%%

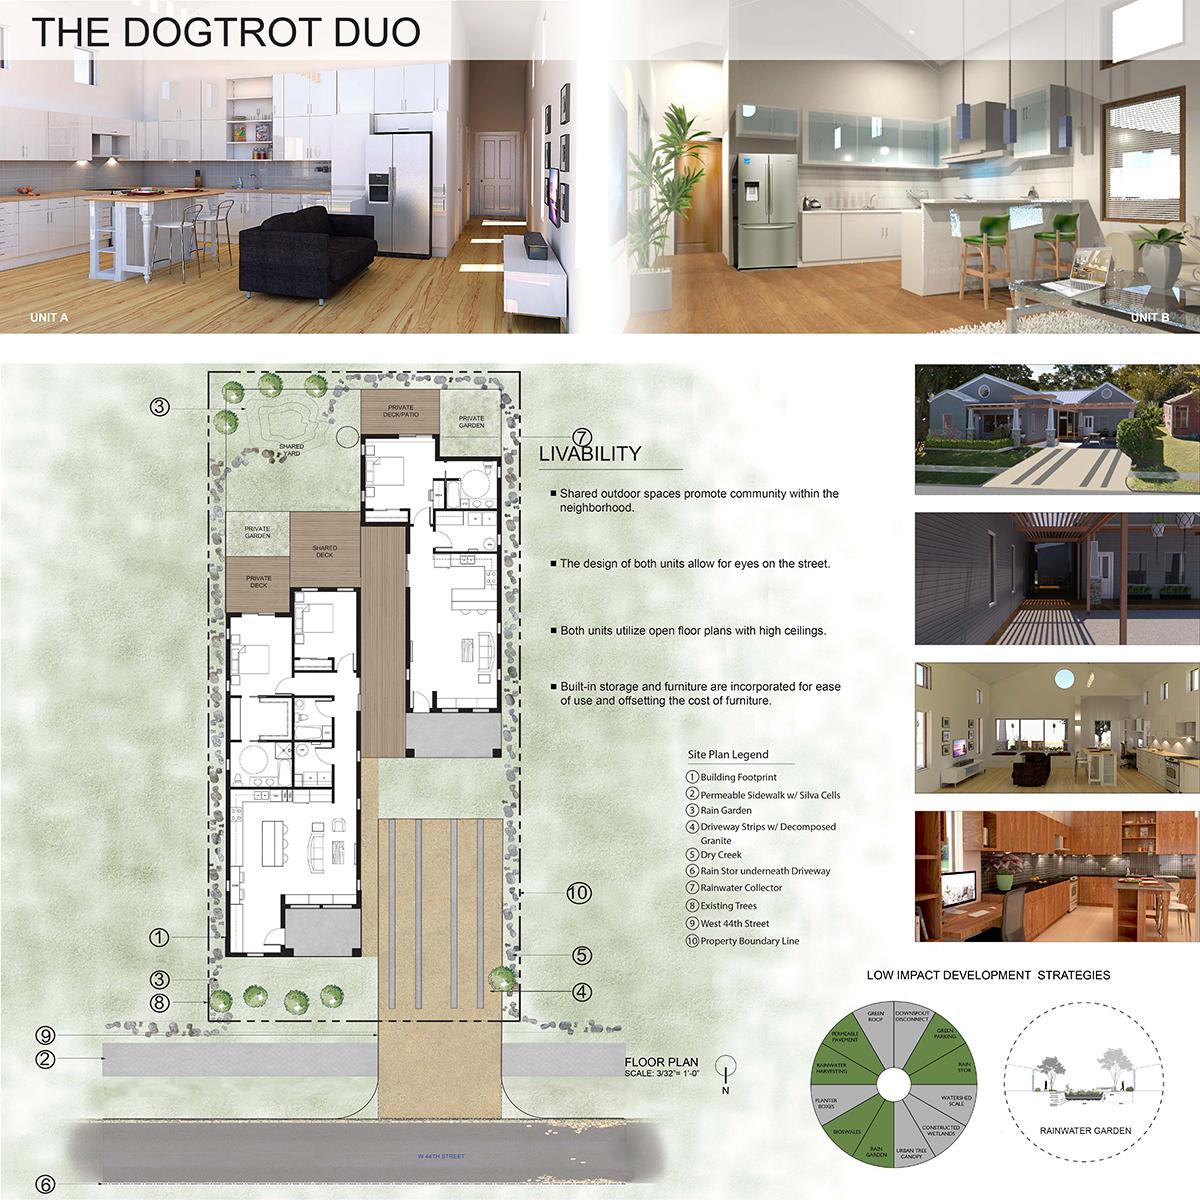 dogtrot_duo_-_livability.jpg
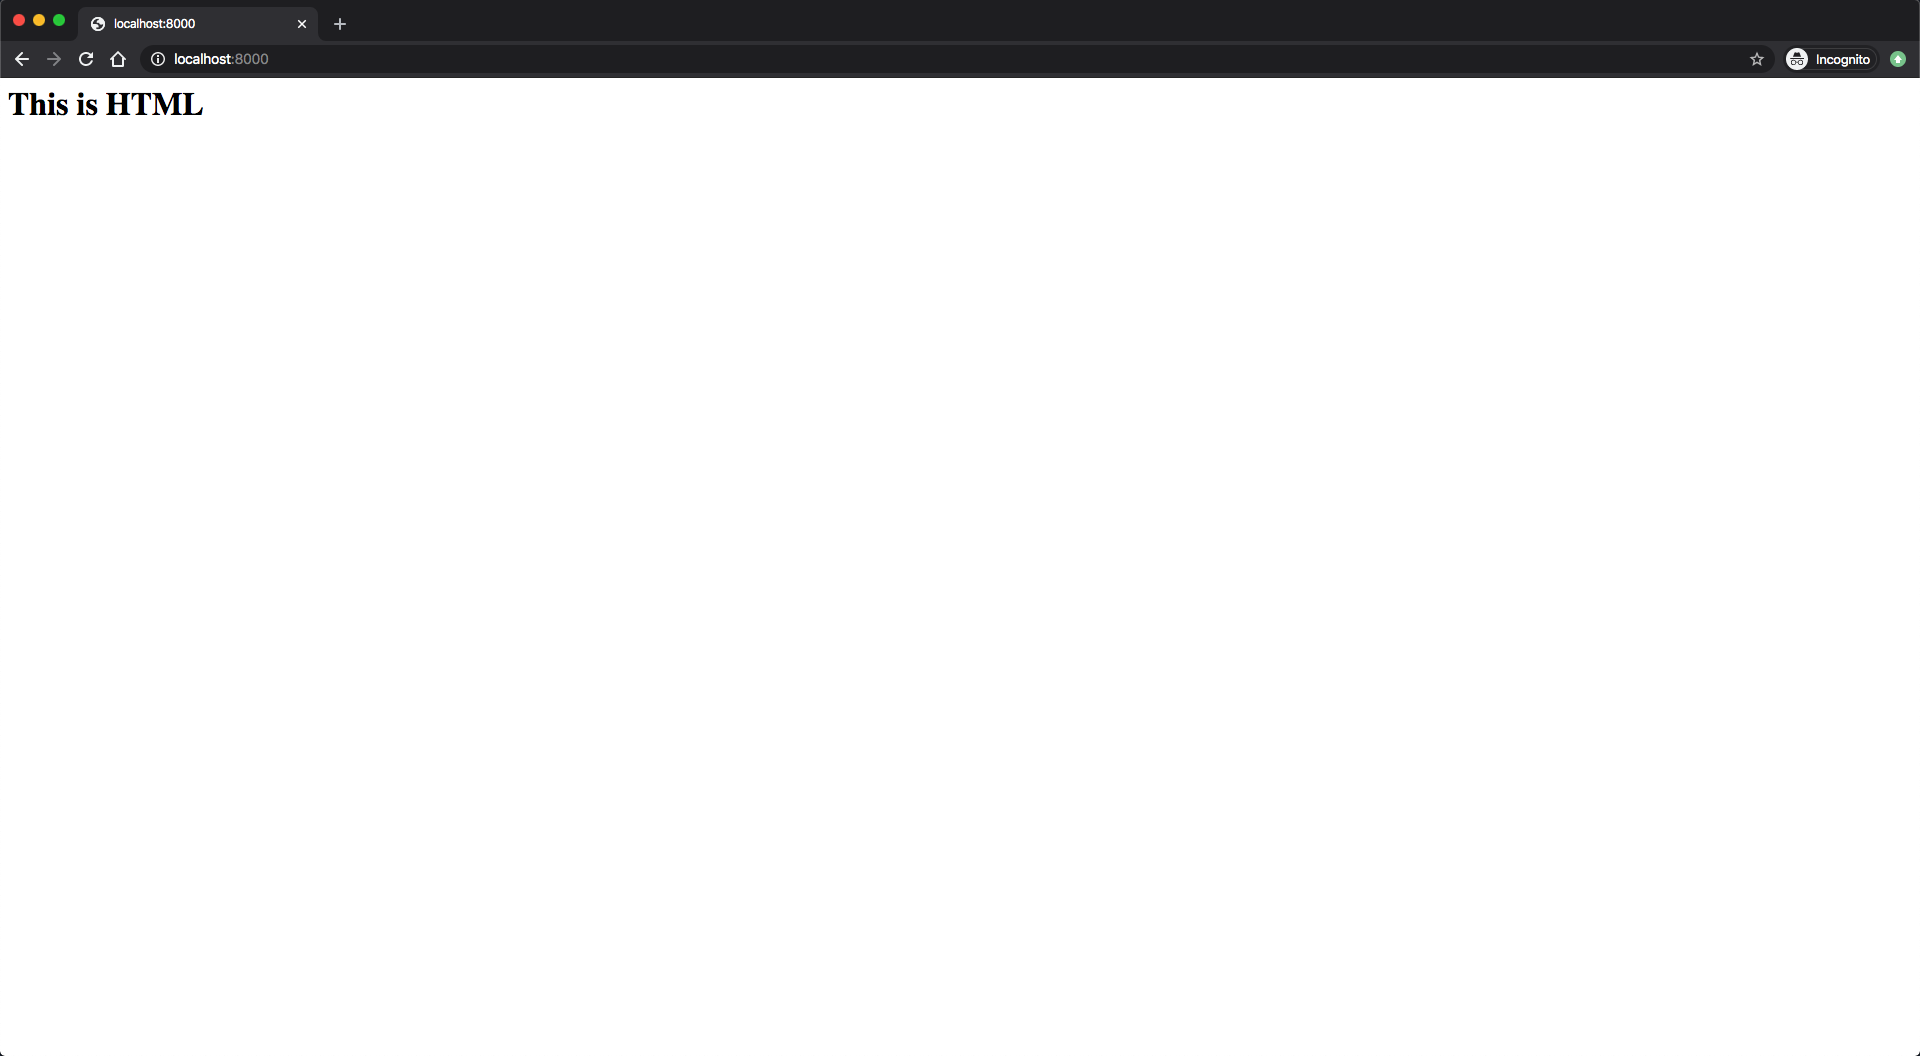 Image of HTML response returned from Node.js server
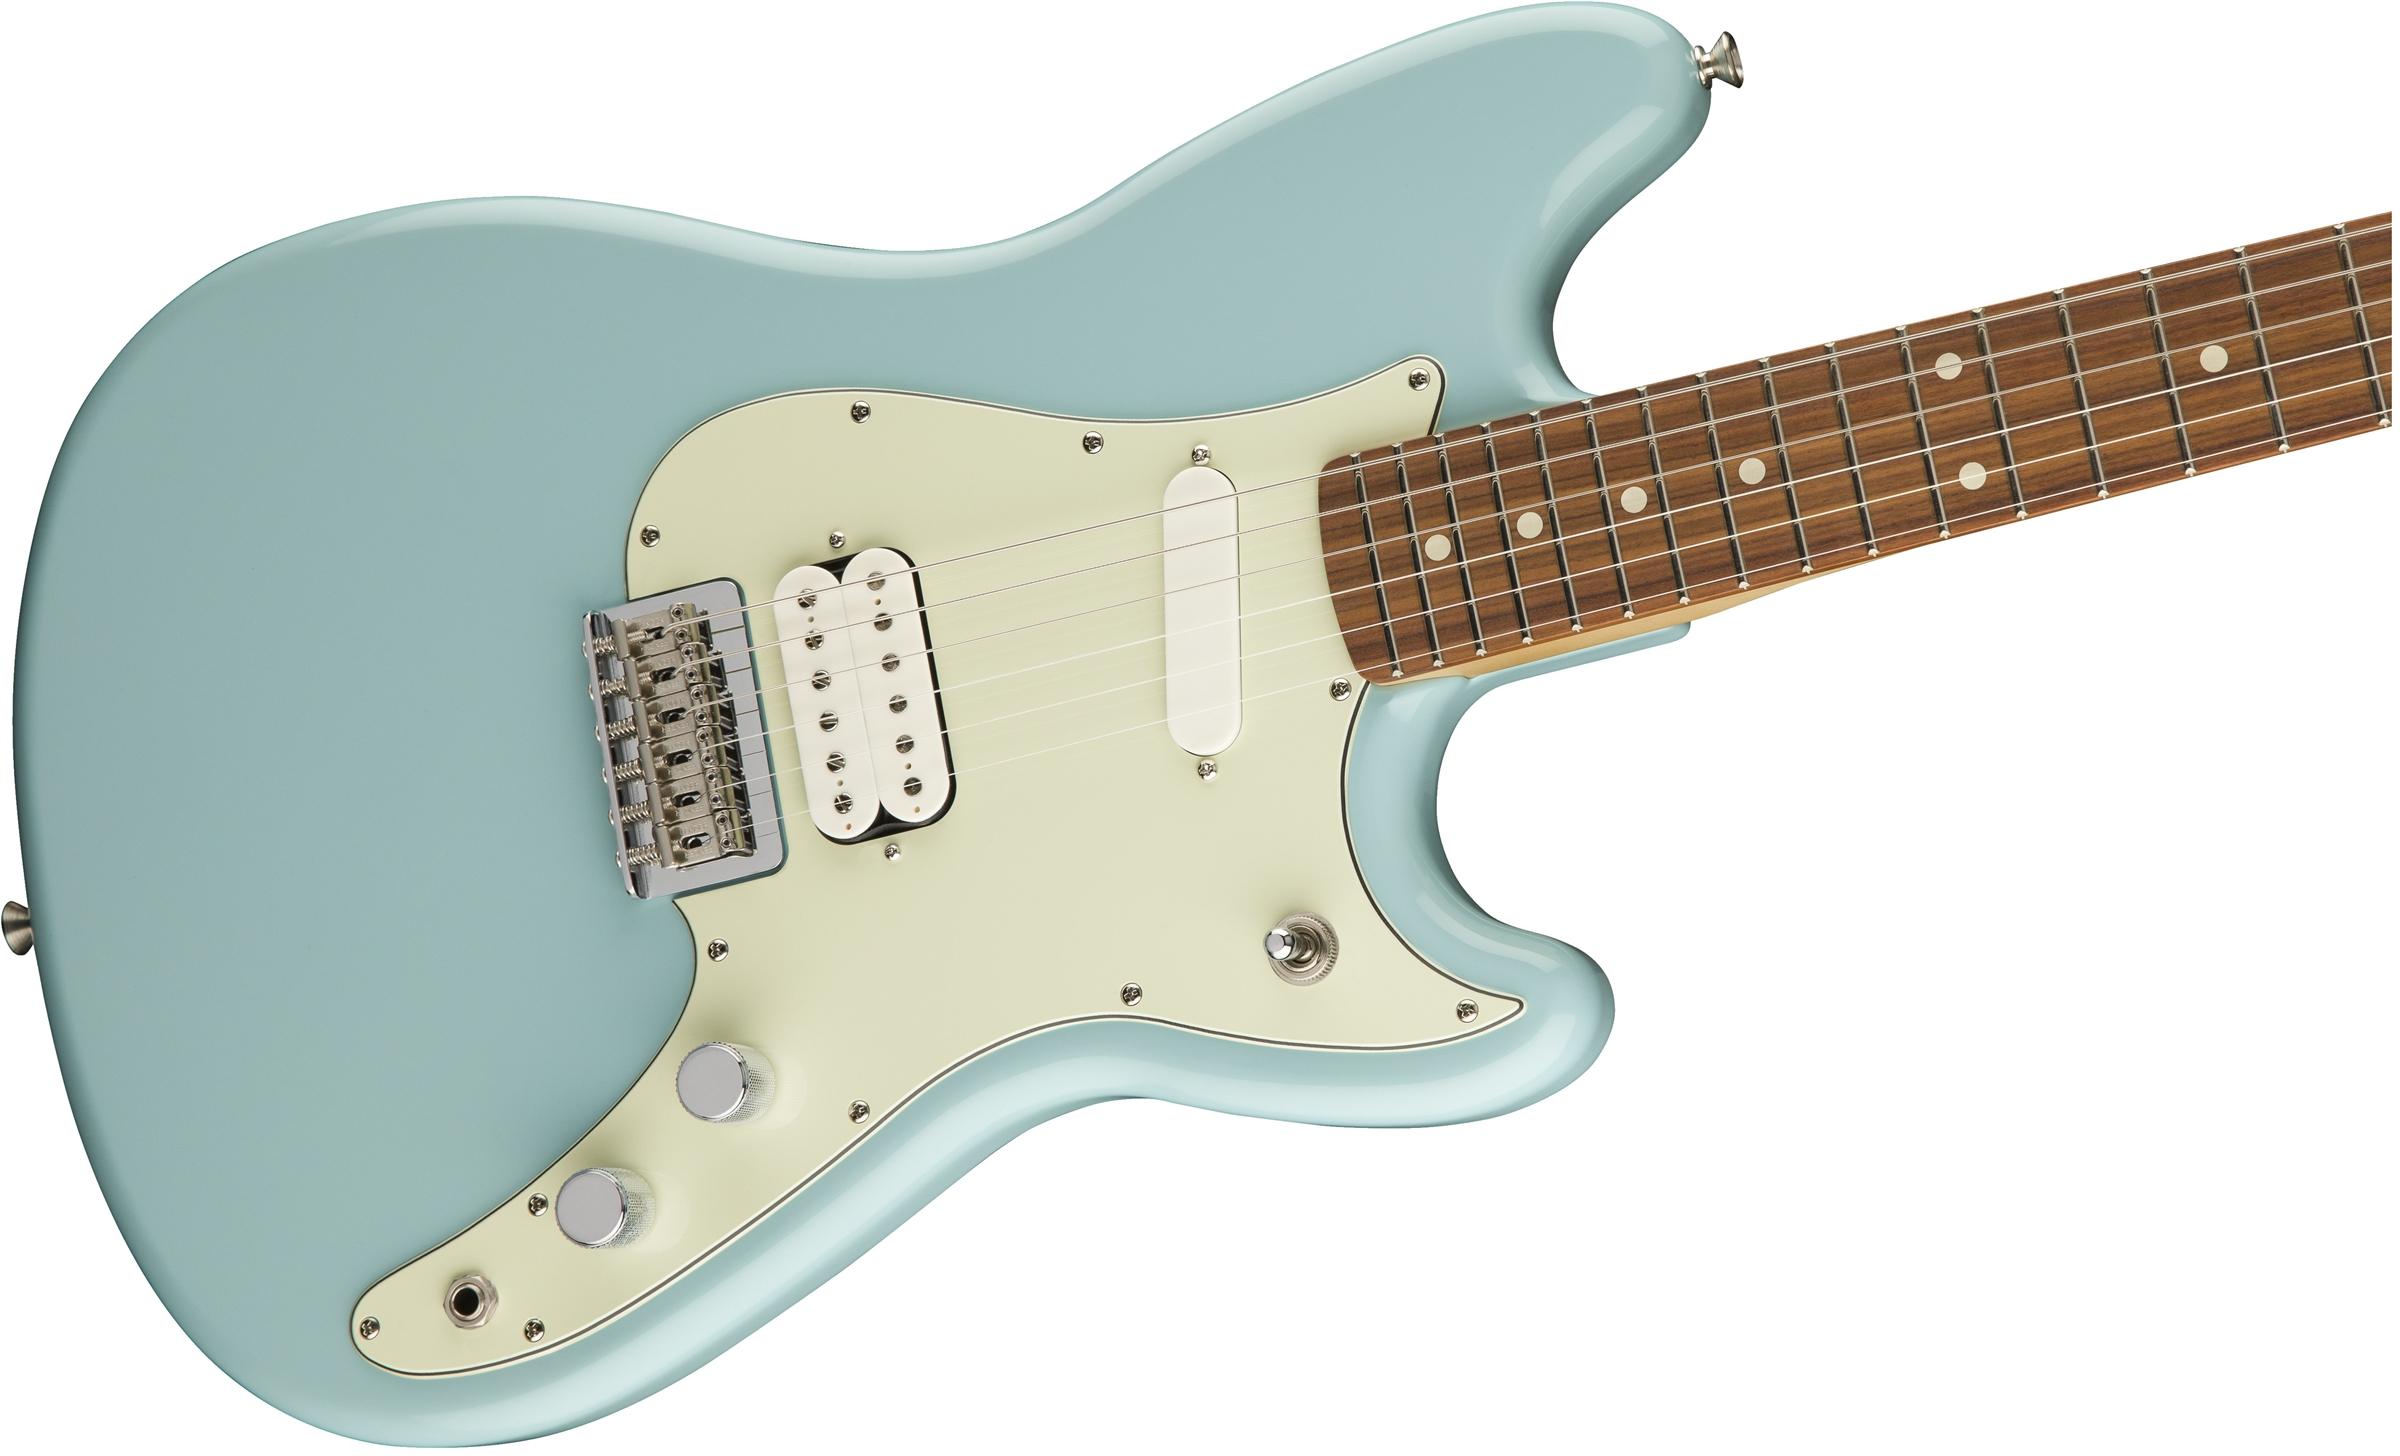 Dee02 Fender Duo Sonic Wiring Diagram

%%

## Problem
Reproduce the final stretch of lines exactly: the line containing "Image of HTML" through the last line of the data, both included. Pictures do not belong in the copy.

## Exercise answer
 Image of HTML response returned from Node.js server
 Dee02 Fender Duo Sonic Wiring Diagram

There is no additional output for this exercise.